In this, he paid tribute to his boss Rupert Murdoch, who he said had continued his vast investment in serious journalism even when it wasn’t profitable. “If it wasn’t for Rupert, the Times of London wouldn’t be published today,” Thomson said (Thomson is a former editor of the Times).
Later, after the event, Thomson said News Corp was profitable because of its cross-subsidisation, but that journalism should ultimately pay for itself. “Otherwise, it depends on someone’s personal passion or sense of responsibility [to keep the cross-subsidisation going].” And the whole thing would be a lot easier if the money from viewing content through new platforms went to the content creators rather than the distributors.
That’s a jibe at Google. Last month, Thomson wrote to regulators in Europe saying Google was “stifling competition” and demanding action on its dominance of search. Speaking yesterday, Thomson repeated his claim that the company had “a platform for piracy”.

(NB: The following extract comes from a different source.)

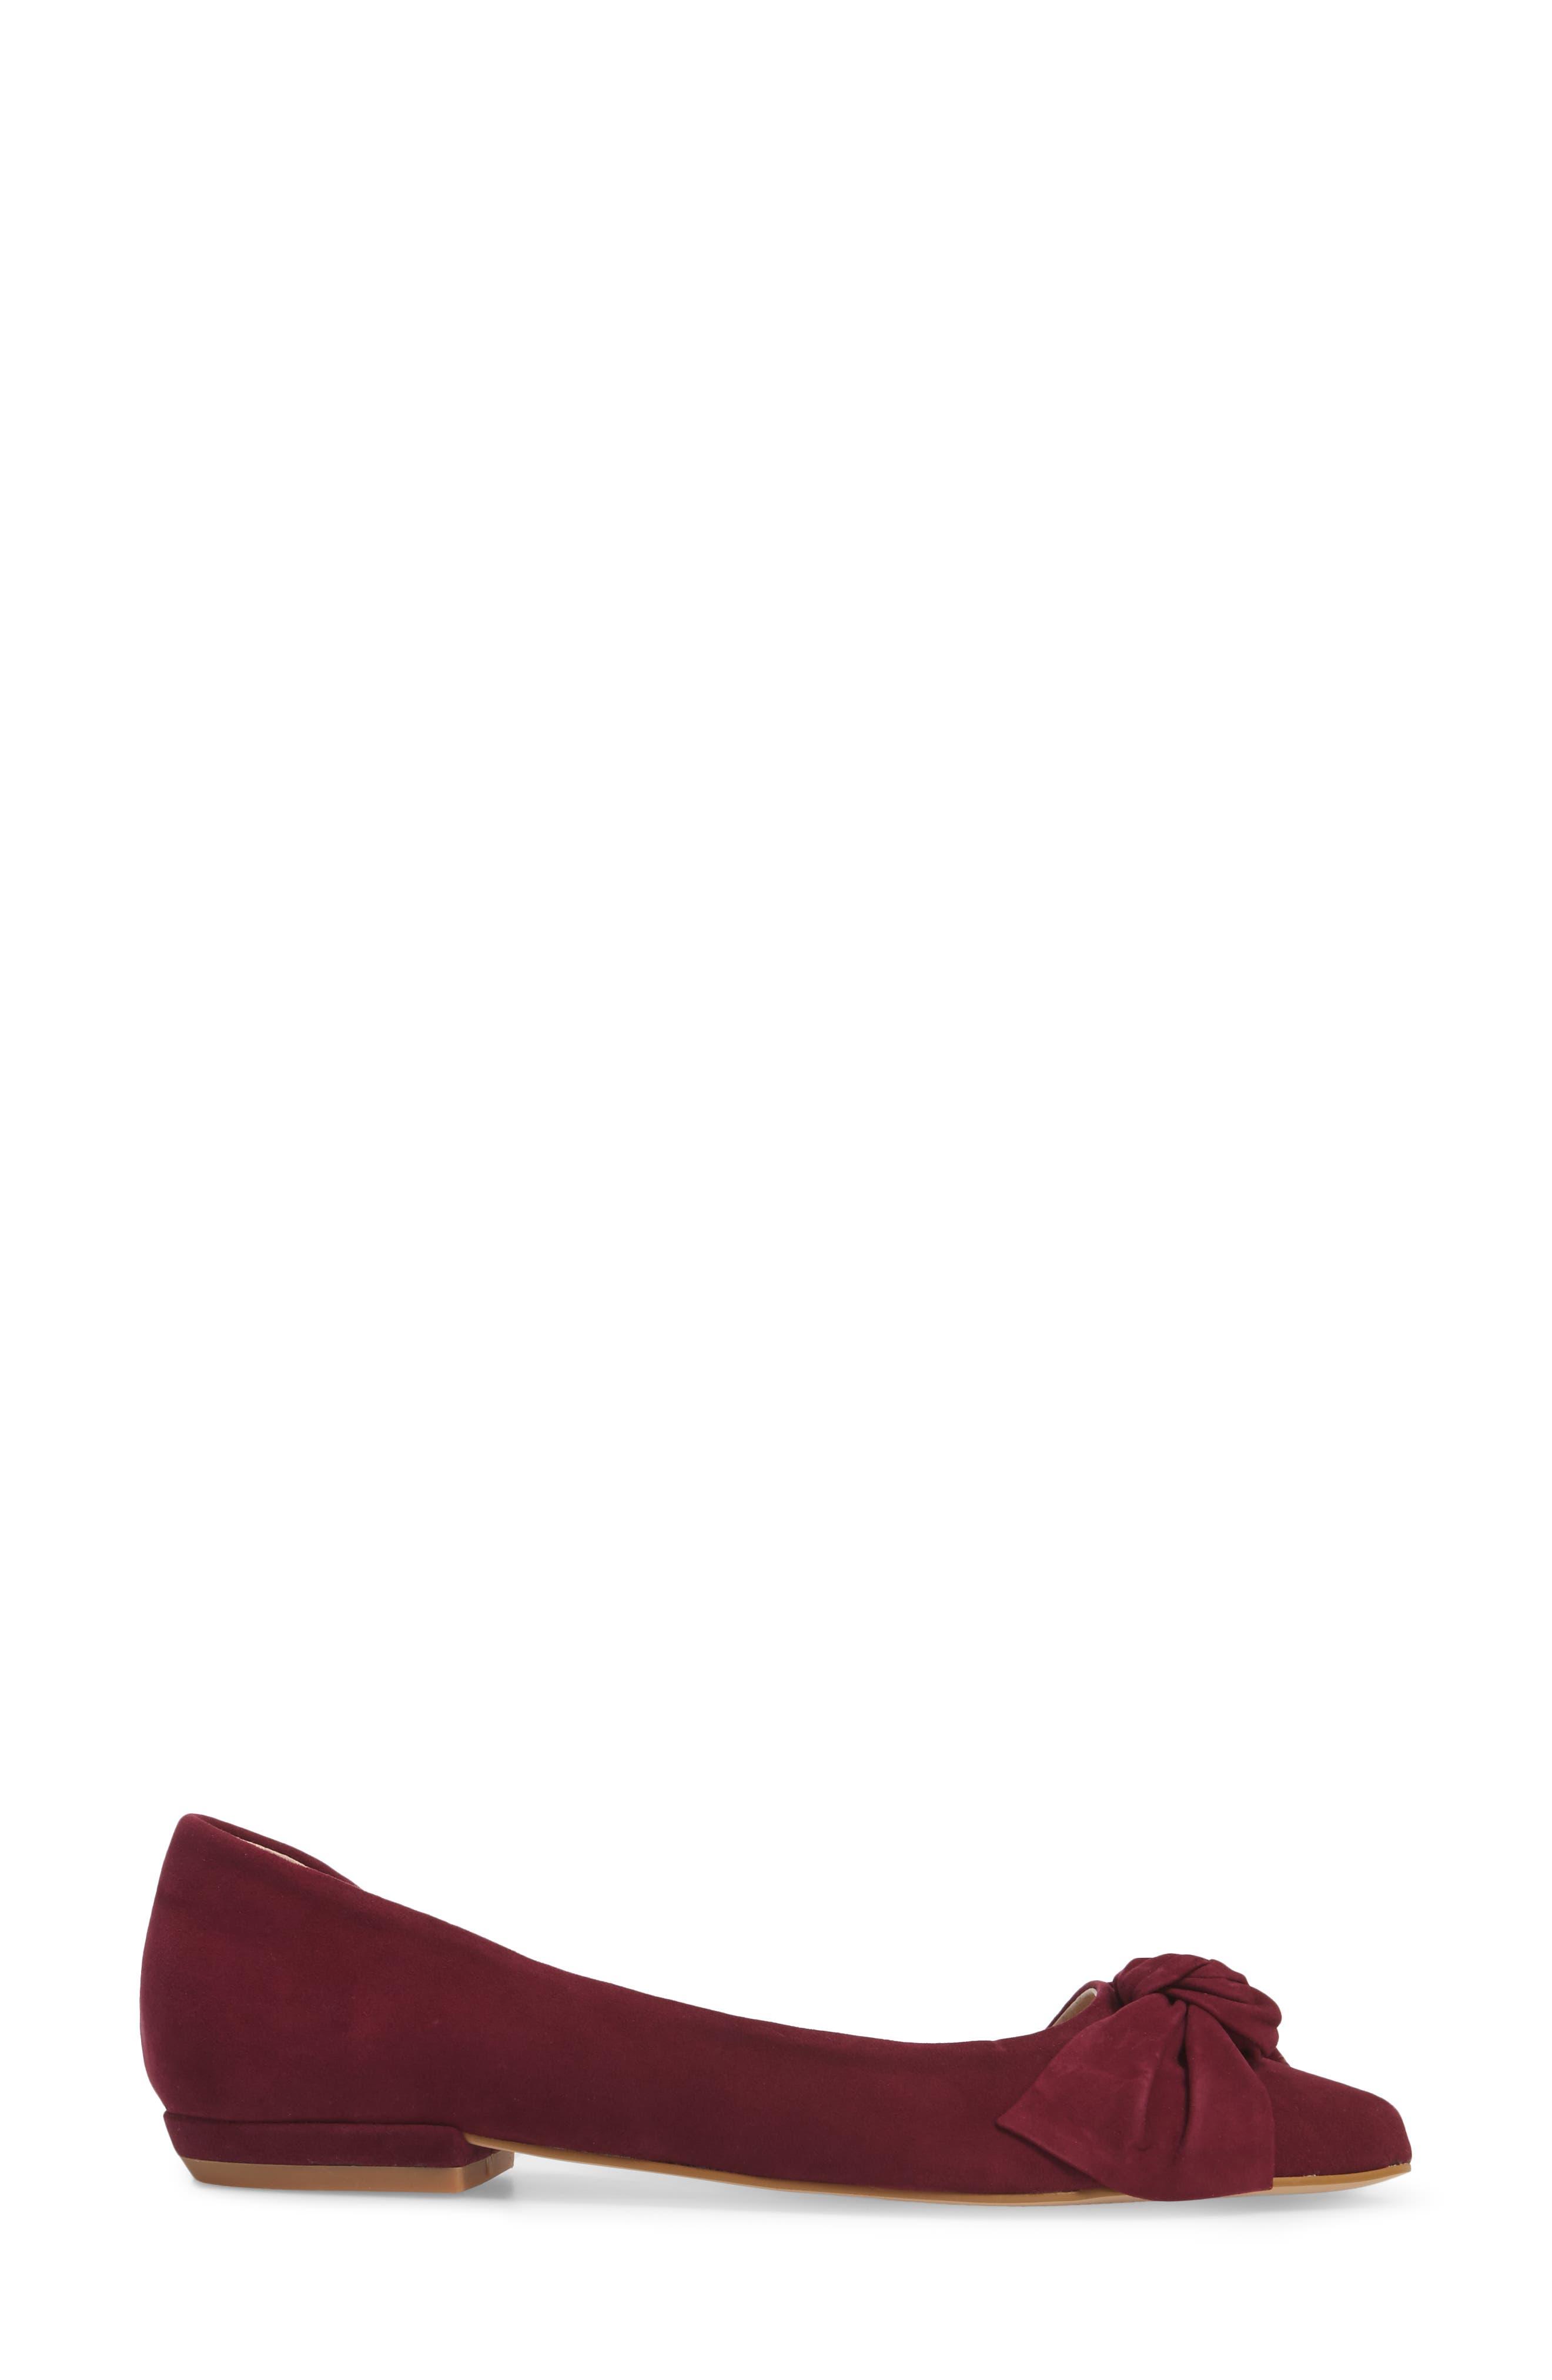 Edina d'Orsay Bow Flat,                             Alternate thumbnail 9, color,

“If Google has an immense amount of intimate detail about what you do and they sell that detail, how can they not know which sites are pirate sites? In the end, it’s in the interests of all people who create and access content to make sure there’s a constant flow of great content.”
During his speech Thomson had said that on average, 25% of those who paid for creative content like Game of Thrones also pirated it. Crikey asked him if given this statistic, he believed content creators should be held responsible for making their content accessible easily and quickly, if for no reason than to avoid those who paid for it becoming familiar with the mechanics of accessing that content illegally.
Thomson said you couldn’t overcome a familiarity with pirating, so the solution was a broader cultural shift in people’s attitudes. He asked why ISPs weren’t behaving like Village Roadshow and taking out full-page ads in the newspapers urging people not to pirate content. “You need to have a cultural check.”
“You should think, I may be getting it 24 hours ahead because I’ve pirated the US version, but why shouldn’t I wait 24 hours?”